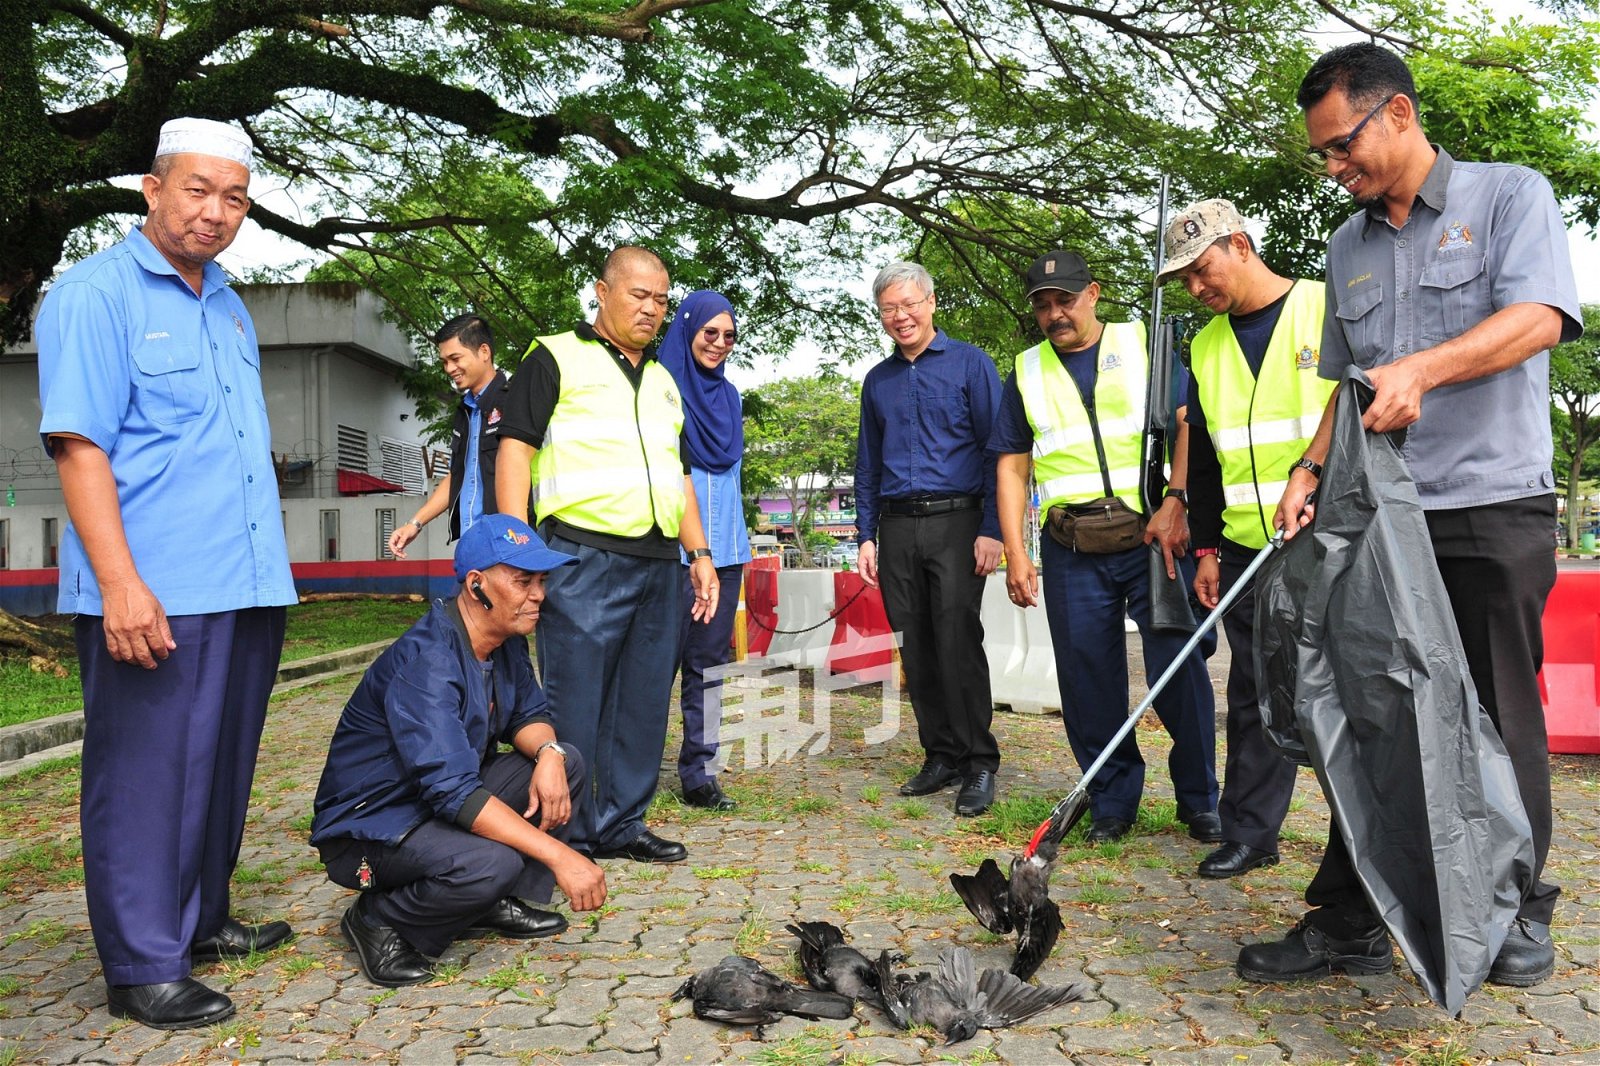 阿克玛（左4其）及新山市议员文新伟，在观察市政局官 员将一被射死的乌鸦尸体装进黑色塑胶袋。 （摄影：杨金森）
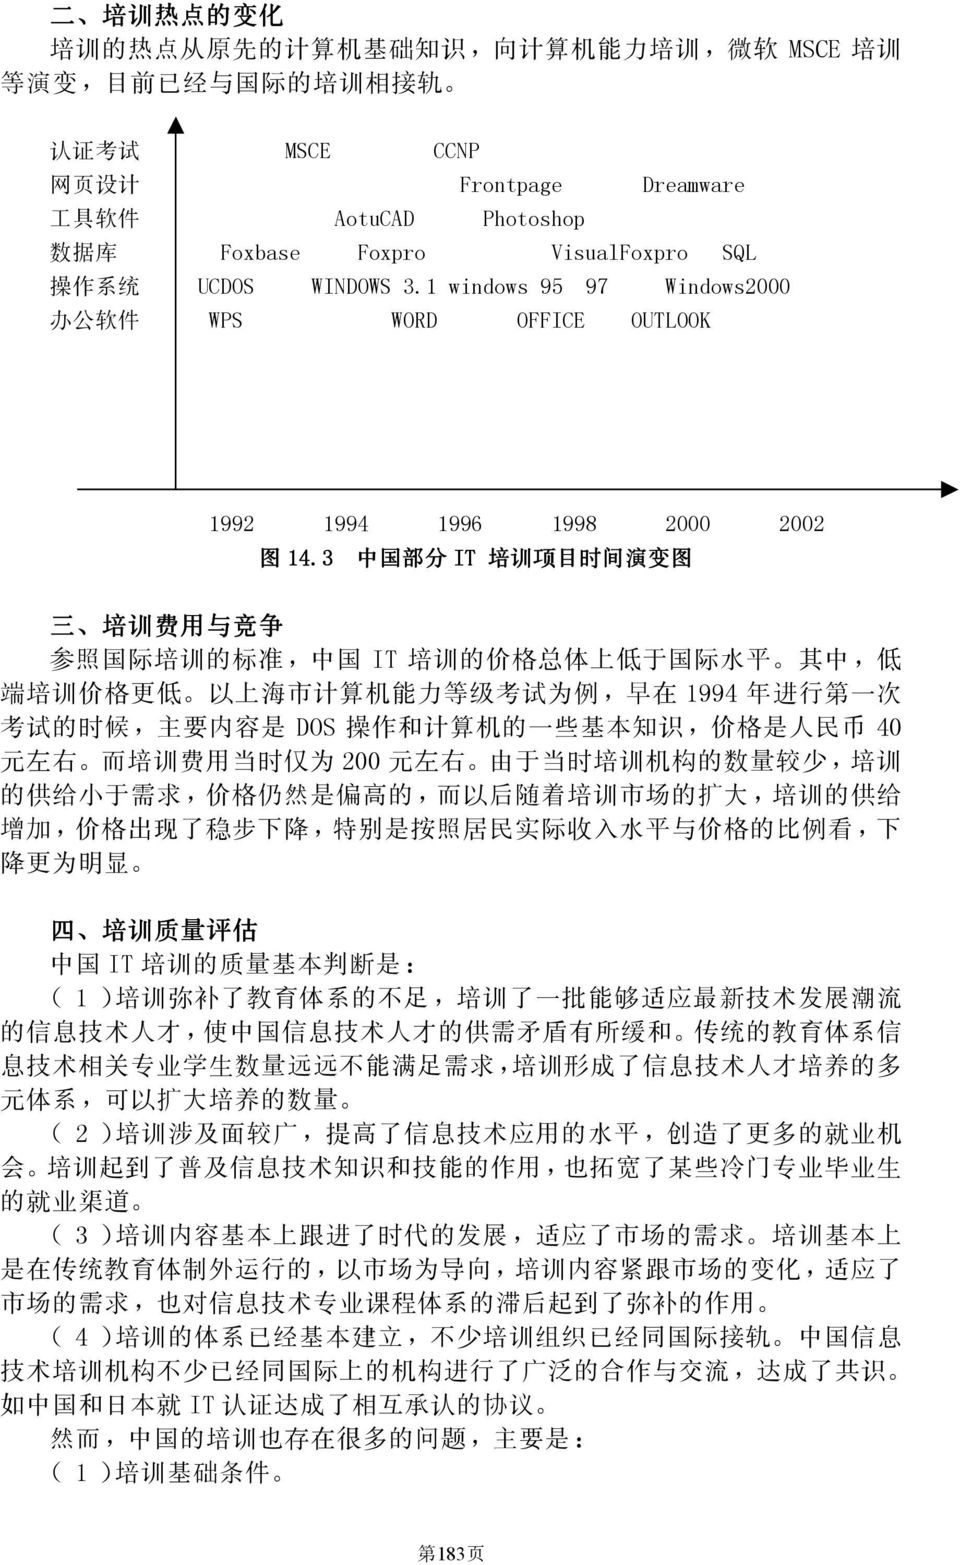 3 中 国 部 分 IT 培 训 项 目 时 间 演 变 图 三 培 训 费 用 与 竞 争 参 照 国 际 培 训 的 标 准, 中 国 IT 培 训 的 价 格 总 体 上 低 于 国 际 水 平 其 中, 低 端 培 训 价 格 更 低 以 上 海 市 计 算 机 能 力 等 级 考 试 为 例, 早 在 1994 年 进 行 第 一 次 考 试 的 时 候, 主 要 内 容 是 DOS
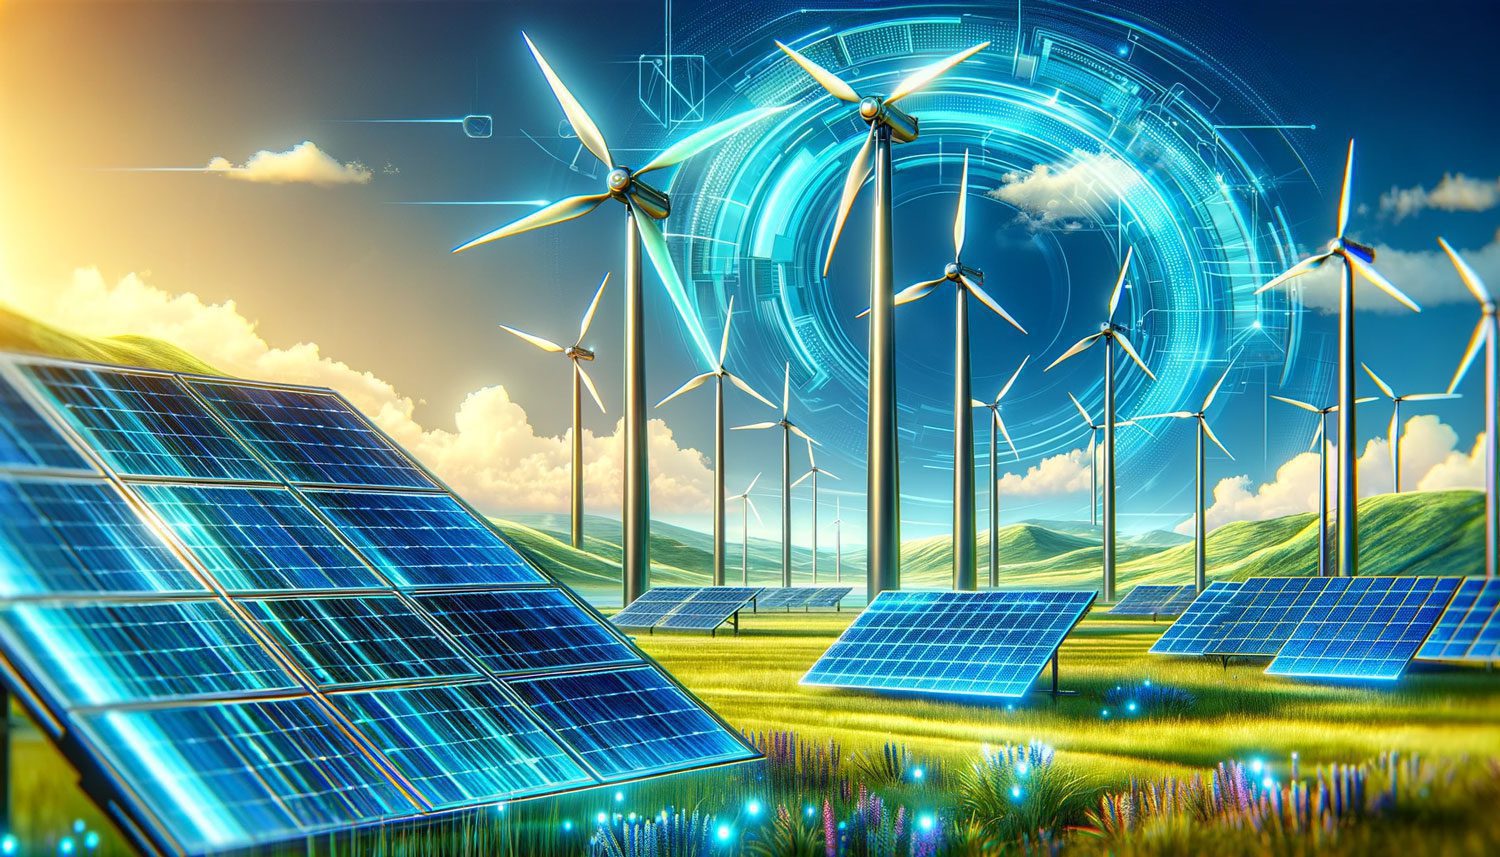 Cengiz Holding Yenilenebilir Enerji Yatırımları Eti Bakır ve Eti Alüminyum Güneş Enerjisi Projeleri Türkiye Enerji Sektörü Dönüşümü
----------
> **Problem requirements**
Reproduce the listing above exactly, but skip the pictures.

> **Answer**
 阿克玛（左4其）及新山市议员文新伟，在观察市政局官 员将一被射死的乌鸦尸体装进黑色塑胶袋。 （摄影：杨金森）
 3 中 国 部 分 IT 培 训 项 目 时 间 演 变 图 三 培 训 费 用 与 竞 争 参 照 国 际 培 训 的 标 准, 中 国 IT 培 训 的 价 格 总 体 上 低 于 国 际 水 平 其 中, 低 端 培 训 价 格 更 低 以 上 海 市 计 算 机 能 力 等 级 考 试 为 例, 早 在 1994 年 进 行 第 一 次 考 试 的 时 候, 主 要 内 容 是 DOS
 Cengiz Holding Yenilenebilir Enerji Yatırımları Eti Bakır ve Eti Alüminyum Güneş Enerjisi Projeleri Türkiye Enerji Sektörü Dönüşümü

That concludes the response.